# DIRECTIONS FOR THIS TASK:
Answer with the exact lines of the following material from the one containing "Expositor de gafas" through the one containing "Sharon, Lois and", both end lines included.

# SUPPLIED ENTRIES:
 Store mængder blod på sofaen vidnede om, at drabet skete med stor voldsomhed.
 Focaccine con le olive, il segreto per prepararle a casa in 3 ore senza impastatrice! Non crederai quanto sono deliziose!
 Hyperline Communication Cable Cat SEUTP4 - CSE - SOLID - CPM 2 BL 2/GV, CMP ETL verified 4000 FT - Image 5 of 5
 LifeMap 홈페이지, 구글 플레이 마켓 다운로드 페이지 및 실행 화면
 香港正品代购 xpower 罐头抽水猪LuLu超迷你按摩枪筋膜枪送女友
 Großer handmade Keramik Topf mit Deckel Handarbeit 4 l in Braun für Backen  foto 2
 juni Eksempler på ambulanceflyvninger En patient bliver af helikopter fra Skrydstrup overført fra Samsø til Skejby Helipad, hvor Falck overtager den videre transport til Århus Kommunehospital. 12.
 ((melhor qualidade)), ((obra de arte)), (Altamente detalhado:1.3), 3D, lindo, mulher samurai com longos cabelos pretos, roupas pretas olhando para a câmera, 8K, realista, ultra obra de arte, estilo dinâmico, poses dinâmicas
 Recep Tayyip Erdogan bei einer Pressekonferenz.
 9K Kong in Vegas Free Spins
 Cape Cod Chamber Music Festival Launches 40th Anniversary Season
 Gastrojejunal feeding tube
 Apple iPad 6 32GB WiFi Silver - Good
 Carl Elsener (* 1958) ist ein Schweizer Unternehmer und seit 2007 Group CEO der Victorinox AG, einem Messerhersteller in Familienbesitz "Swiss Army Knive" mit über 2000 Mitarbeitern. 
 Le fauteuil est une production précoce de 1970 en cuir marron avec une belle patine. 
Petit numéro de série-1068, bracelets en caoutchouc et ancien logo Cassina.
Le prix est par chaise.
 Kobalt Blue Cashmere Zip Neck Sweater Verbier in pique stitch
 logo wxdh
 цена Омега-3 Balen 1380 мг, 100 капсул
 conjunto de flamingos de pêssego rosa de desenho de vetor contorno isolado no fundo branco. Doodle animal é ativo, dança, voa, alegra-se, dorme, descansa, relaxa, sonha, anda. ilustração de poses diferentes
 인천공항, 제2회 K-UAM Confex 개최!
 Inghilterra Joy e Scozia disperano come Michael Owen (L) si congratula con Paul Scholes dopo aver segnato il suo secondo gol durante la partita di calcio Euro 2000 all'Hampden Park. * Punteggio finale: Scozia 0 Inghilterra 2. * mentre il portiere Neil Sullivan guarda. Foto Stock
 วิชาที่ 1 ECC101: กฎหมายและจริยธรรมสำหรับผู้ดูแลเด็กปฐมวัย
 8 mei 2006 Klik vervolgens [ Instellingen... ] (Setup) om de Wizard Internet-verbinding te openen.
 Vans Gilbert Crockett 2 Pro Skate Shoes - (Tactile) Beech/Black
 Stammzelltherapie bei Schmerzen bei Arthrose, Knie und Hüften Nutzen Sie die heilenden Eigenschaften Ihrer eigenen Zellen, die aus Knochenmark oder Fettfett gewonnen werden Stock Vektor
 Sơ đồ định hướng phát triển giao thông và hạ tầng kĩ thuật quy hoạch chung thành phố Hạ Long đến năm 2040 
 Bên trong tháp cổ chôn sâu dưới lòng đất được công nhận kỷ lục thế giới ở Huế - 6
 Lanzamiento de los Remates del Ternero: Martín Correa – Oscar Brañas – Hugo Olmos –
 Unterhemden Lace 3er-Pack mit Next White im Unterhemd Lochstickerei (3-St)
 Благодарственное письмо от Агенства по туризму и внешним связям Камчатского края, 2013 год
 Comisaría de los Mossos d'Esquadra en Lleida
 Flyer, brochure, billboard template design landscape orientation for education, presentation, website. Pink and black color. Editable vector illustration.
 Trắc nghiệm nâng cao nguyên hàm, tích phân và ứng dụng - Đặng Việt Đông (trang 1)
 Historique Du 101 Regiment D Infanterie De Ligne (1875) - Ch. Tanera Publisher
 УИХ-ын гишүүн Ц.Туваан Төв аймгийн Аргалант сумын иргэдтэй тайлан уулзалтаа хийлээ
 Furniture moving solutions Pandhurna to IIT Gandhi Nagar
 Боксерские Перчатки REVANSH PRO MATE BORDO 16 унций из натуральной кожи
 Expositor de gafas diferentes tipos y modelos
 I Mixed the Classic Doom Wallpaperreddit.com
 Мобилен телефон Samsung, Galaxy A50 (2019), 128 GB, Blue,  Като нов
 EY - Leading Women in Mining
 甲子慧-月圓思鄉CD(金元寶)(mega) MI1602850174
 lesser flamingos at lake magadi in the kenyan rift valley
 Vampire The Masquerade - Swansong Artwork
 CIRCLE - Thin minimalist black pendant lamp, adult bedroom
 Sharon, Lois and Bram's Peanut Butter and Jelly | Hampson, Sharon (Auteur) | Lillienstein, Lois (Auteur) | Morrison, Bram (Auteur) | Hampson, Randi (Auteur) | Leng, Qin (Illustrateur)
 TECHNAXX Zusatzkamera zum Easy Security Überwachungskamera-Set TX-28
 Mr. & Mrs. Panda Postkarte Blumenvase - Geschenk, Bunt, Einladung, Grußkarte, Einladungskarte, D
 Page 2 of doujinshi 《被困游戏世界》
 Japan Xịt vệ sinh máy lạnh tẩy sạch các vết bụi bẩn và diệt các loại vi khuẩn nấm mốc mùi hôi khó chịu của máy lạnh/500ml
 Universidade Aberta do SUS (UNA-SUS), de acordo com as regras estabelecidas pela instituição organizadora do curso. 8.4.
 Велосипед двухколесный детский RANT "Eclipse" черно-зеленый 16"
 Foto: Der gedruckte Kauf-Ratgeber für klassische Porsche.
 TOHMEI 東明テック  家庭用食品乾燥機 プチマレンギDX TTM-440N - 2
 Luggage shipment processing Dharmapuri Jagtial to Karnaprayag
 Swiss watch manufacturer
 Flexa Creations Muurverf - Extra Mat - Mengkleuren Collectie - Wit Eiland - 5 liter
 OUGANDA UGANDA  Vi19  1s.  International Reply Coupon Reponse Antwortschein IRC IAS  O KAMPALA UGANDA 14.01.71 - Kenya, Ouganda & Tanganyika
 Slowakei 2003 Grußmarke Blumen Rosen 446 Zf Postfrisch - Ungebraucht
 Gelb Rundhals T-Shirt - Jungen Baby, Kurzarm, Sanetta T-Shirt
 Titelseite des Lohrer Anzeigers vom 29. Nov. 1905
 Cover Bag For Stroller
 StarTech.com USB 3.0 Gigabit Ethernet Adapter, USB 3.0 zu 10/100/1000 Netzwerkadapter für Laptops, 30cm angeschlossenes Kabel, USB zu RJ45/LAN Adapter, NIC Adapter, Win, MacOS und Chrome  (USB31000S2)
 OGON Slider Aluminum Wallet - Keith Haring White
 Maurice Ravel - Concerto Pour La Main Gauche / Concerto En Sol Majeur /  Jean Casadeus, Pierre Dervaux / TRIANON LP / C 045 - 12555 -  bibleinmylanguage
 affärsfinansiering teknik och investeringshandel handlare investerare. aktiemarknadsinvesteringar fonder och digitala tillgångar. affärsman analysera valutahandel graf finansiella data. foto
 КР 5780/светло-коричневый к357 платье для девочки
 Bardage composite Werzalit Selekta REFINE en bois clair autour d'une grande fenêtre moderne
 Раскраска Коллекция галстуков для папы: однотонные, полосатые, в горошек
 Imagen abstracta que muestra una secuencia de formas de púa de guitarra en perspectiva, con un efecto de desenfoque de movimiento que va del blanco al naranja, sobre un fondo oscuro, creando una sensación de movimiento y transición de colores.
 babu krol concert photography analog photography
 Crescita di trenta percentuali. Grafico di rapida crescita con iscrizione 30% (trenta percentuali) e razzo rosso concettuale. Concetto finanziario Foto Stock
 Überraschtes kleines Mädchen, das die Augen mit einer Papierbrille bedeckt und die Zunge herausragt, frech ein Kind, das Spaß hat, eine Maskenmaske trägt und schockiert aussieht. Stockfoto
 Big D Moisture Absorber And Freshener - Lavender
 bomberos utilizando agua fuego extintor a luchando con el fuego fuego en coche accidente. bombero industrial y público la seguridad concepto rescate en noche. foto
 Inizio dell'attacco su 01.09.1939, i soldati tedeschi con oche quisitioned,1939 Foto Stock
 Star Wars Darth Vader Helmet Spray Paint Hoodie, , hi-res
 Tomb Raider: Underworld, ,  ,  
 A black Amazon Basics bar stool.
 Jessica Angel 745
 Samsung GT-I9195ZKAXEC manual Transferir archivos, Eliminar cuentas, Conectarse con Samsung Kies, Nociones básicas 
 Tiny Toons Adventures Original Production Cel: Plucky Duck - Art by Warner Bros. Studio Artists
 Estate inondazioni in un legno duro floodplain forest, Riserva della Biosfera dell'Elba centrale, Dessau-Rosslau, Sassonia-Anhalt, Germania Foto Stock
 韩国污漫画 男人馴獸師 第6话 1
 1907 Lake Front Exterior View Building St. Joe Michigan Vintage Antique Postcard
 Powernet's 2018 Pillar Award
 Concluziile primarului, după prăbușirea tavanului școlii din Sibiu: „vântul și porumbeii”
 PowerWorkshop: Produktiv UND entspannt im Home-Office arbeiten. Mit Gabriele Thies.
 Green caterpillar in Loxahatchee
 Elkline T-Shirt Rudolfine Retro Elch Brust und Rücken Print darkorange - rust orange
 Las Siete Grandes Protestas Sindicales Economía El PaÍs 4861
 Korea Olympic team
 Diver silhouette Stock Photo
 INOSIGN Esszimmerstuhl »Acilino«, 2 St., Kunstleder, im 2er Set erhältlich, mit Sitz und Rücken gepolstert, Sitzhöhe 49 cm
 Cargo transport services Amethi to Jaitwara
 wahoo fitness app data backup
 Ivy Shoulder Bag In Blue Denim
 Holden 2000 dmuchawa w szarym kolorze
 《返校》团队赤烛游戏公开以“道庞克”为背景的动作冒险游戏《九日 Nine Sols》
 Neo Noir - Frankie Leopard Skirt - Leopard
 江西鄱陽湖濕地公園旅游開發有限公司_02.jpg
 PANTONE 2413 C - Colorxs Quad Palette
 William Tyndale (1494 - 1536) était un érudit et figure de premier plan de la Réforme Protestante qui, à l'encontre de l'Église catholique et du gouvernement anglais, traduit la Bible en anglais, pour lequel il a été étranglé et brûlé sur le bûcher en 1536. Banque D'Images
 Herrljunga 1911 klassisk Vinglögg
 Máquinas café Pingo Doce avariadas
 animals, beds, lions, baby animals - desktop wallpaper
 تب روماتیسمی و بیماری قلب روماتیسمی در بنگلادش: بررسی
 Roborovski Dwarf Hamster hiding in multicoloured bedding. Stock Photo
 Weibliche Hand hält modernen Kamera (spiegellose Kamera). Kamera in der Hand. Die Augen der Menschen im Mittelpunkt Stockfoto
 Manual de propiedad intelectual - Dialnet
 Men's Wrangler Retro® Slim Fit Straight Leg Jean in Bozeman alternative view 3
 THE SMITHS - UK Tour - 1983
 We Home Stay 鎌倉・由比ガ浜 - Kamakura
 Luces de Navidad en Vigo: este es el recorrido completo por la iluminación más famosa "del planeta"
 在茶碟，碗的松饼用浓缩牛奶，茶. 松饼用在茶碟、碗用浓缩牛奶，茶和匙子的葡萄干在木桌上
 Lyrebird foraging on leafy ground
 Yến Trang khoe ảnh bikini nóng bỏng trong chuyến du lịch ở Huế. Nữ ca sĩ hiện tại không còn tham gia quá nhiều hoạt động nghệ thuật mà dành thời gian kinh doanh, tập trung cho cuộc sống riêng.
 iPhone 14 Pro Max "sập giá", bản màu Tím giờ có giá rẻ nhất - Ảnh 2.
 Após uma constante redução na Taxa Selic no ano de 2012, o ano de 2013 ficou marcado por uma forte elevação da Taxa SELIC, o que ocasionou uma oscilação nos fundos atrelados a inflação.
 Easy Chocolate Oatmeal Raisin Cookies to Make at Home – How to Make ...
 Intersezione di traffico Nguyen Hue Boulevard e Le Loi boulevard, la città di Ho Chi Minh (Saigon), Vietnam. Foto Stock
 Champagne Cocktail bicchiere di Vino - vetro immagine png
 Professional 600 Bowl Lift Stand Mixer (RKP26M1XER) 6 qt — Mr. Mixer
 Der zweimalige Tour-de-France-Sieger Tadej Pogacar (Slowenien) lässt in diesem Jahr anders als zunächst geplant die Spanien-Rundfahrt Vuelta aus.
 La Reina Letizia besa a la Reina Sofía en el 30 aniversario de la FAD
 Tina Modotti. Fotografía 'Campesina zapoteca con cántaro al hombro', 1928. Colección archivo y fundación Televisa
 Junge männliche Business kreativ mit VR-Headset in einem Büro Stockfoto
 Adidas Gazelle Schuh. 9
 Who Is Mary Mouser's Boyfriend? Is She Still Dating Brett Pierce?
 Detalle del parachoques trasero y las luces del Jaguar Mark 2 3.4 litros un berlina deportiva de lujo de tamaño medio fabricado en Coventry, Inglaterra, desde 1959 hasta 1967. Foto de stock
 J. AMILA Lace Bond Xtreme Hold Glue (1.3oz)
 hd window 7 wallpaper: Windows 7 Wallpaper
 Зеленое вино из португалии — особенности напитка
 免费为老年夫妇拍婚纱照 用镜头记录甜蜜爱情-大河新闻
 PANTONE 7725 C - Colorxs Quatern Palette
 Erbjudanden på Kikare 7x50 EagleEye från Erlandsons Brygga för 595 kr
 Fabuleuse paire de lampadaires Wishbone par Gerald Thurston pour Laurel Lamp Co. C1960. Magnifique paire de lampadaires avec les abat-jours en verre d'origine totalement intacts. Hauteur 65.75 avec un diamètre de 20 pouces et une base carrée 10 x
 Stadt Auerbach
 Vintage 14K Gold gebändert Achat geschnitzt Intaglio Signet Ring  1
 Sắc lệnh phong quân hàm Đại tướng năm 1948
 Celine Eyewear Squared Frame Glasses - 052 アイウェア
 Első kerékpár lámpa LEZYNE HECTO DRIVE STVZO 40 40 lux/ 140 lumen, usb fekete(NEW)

# YOUR SOLUTION:
 Expositor de gafas diferentes tipos y modelos
 I Mixed the Classic Doom Wallpaperreddit.com
 Мобилен телефон Samsung, Galaxy A50 (2019), 128 GB, Blue,  Като нов
 EY - Leading Women in Mining
 甲子慧-月圓思鄉CD(金元寶)(mega) MI1602850174
 lesser flamingos at lake magadi in the kenyan rift valley
 Vampire The Masquerade - Swansong Artwork
 CIRCLE - Thin minimalist black pendant lamp, adult bedroom
 Sharon, Lois and Bram's Peanut Butter and Jelly | Hampson, Sharon (Auteur) | Lillienstein, Lois (Auteur) | Morrison, Bram (Auteur) | Hampson, Randi (Auteur) | Leng, Qin (Illustrateur)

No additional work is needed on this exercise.